**Assignment:** Please output the line containing "秋收 阳光 照耀 谷子 小麦 自然风景 自然景观 自然风光" and all lines that follow it in the data below, exactly, with no pictures.
Dataset extract section start
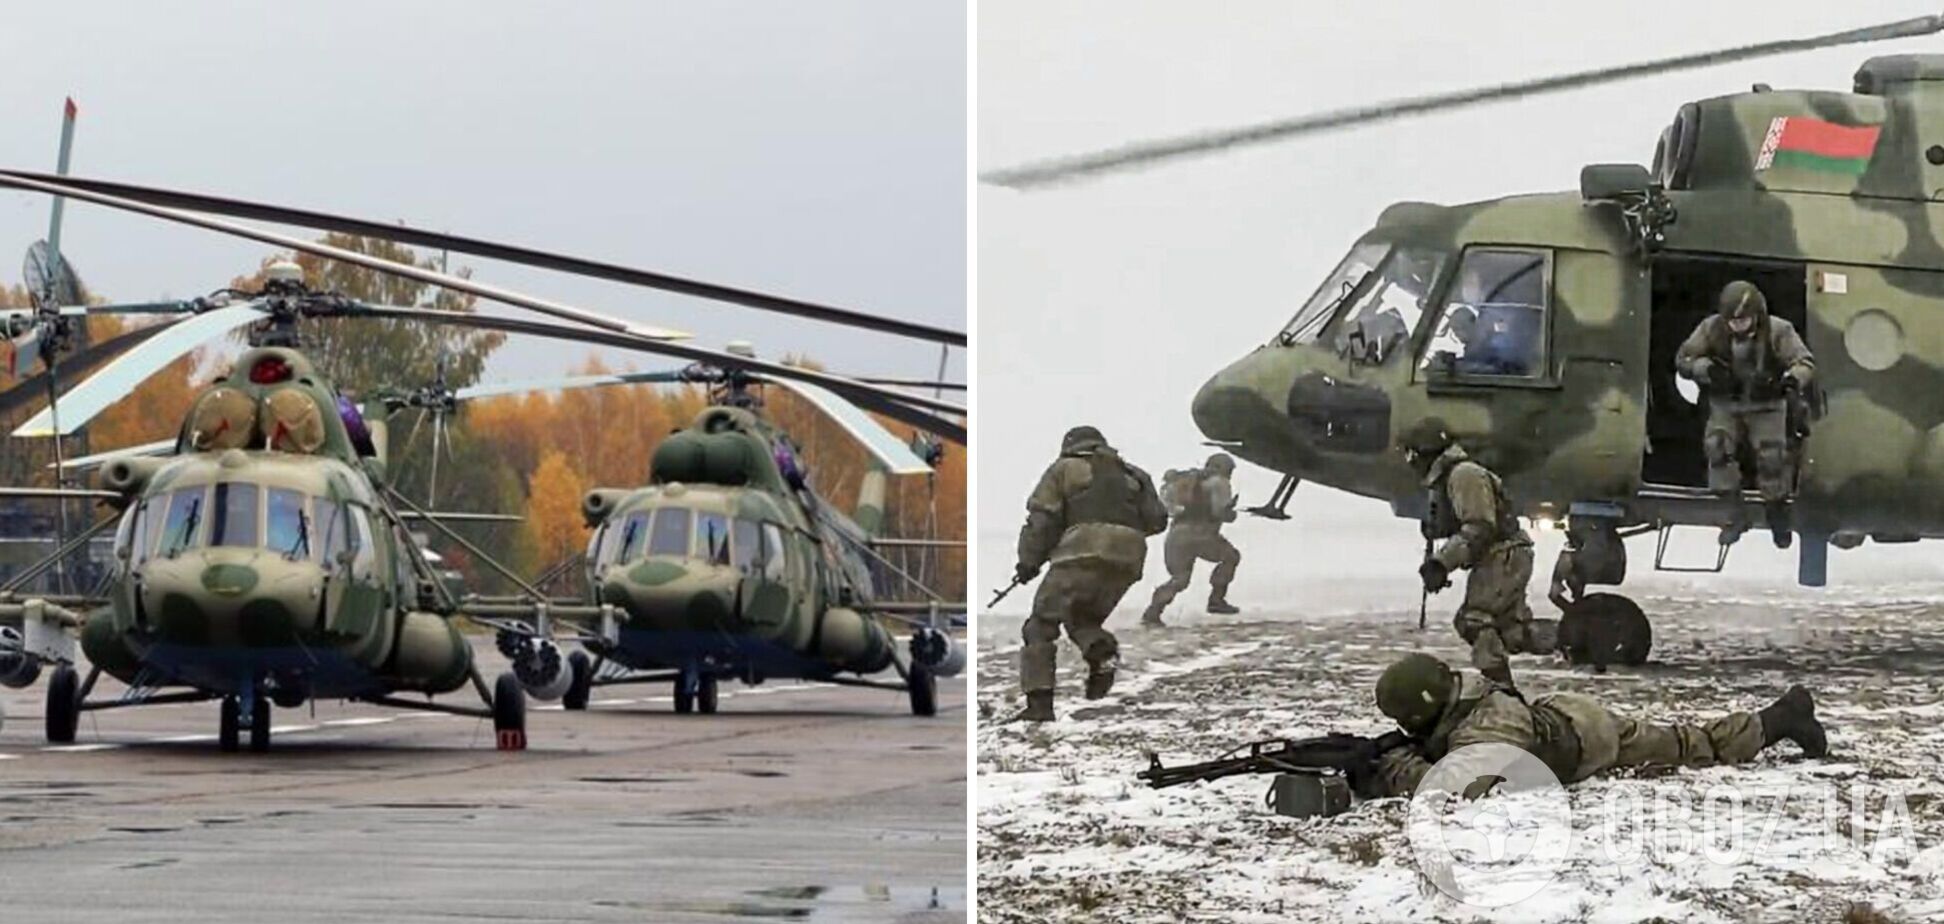 Появились новые фото аэродромов в Беларуси: российских вертолетов стало меньше
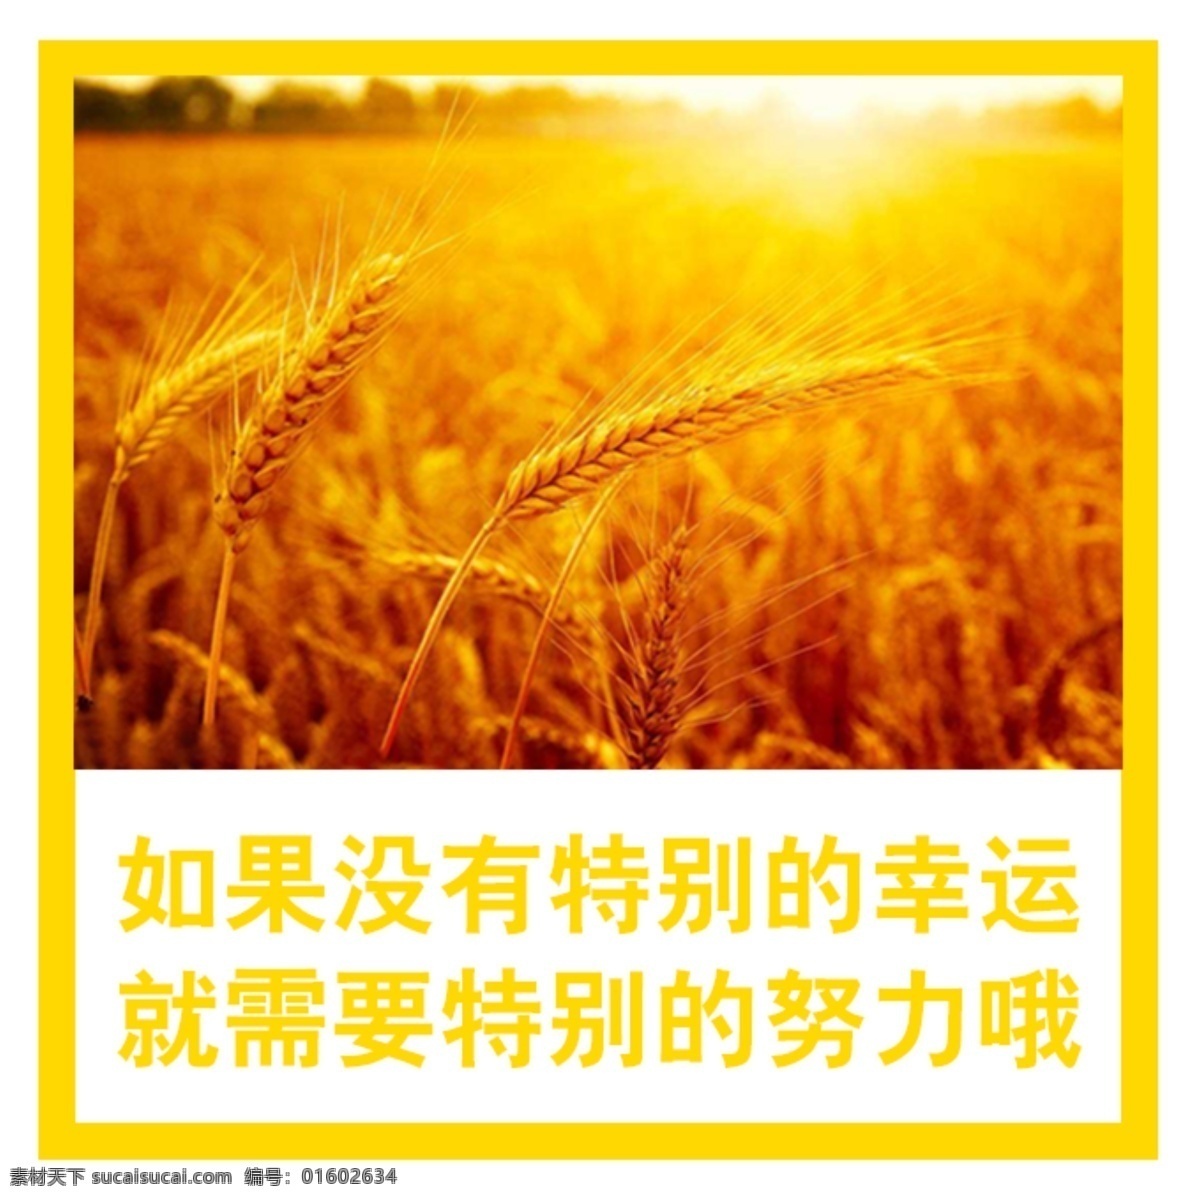 秋收 阳光 照耀 谷子 小麦 自然风景 自然景观 自然风光
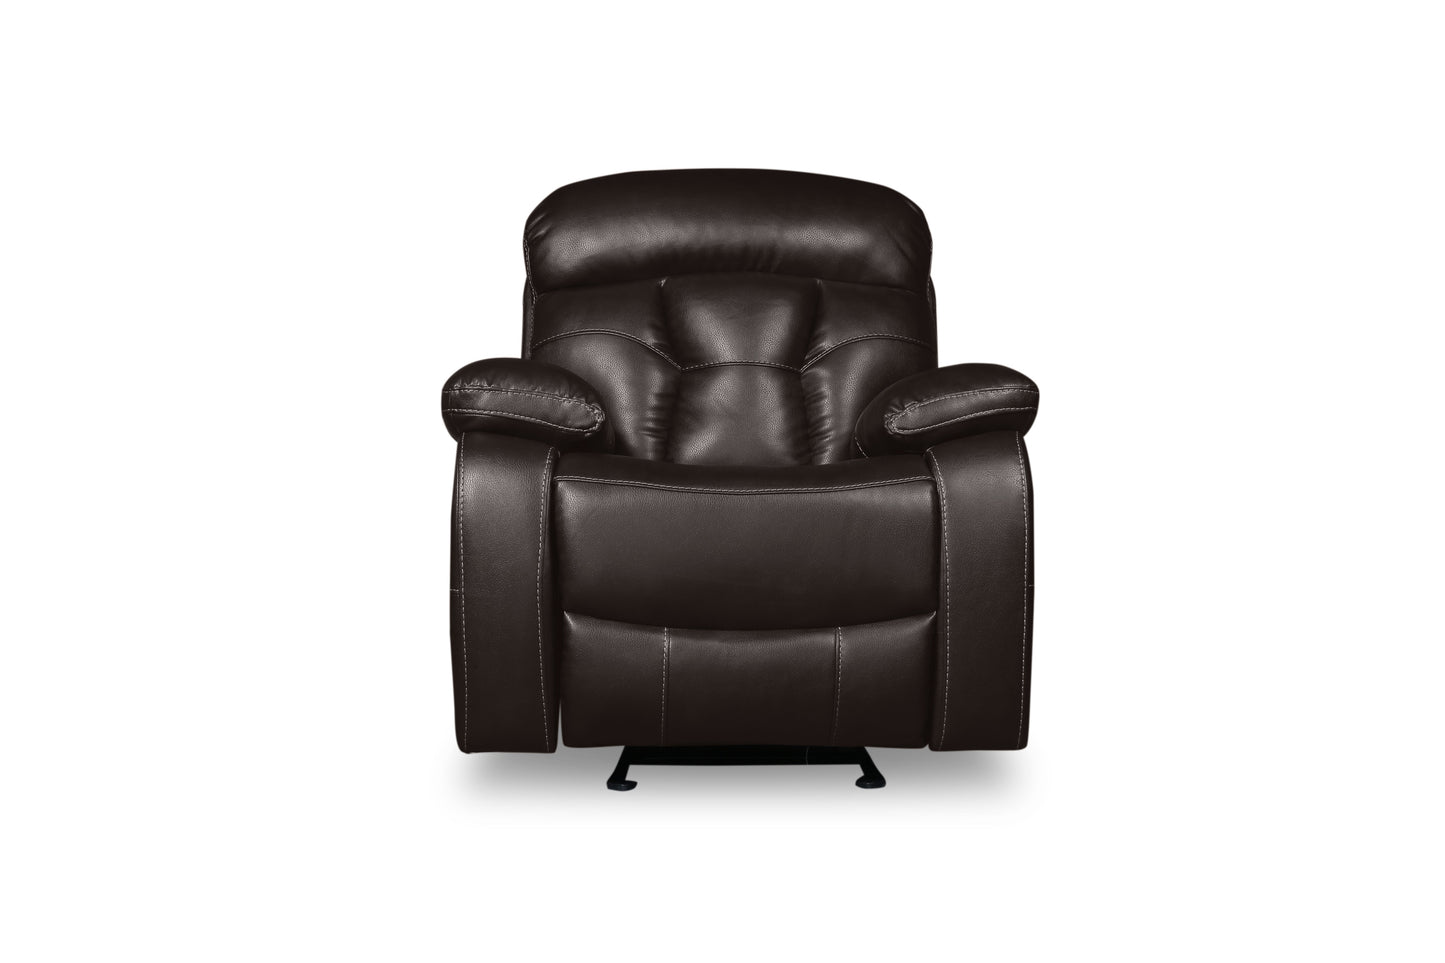 SH3216*3PW 3pc Set: Sofa, Love, Chair (Power)
Dataset extract section end
**Response to this exercise:**
 秋收 阳光 照耀 谷子 小麦 自然风景 自然景观 自然风光
 SH3216*3PW 3pc Set: Sofa, Love, Chair (Power)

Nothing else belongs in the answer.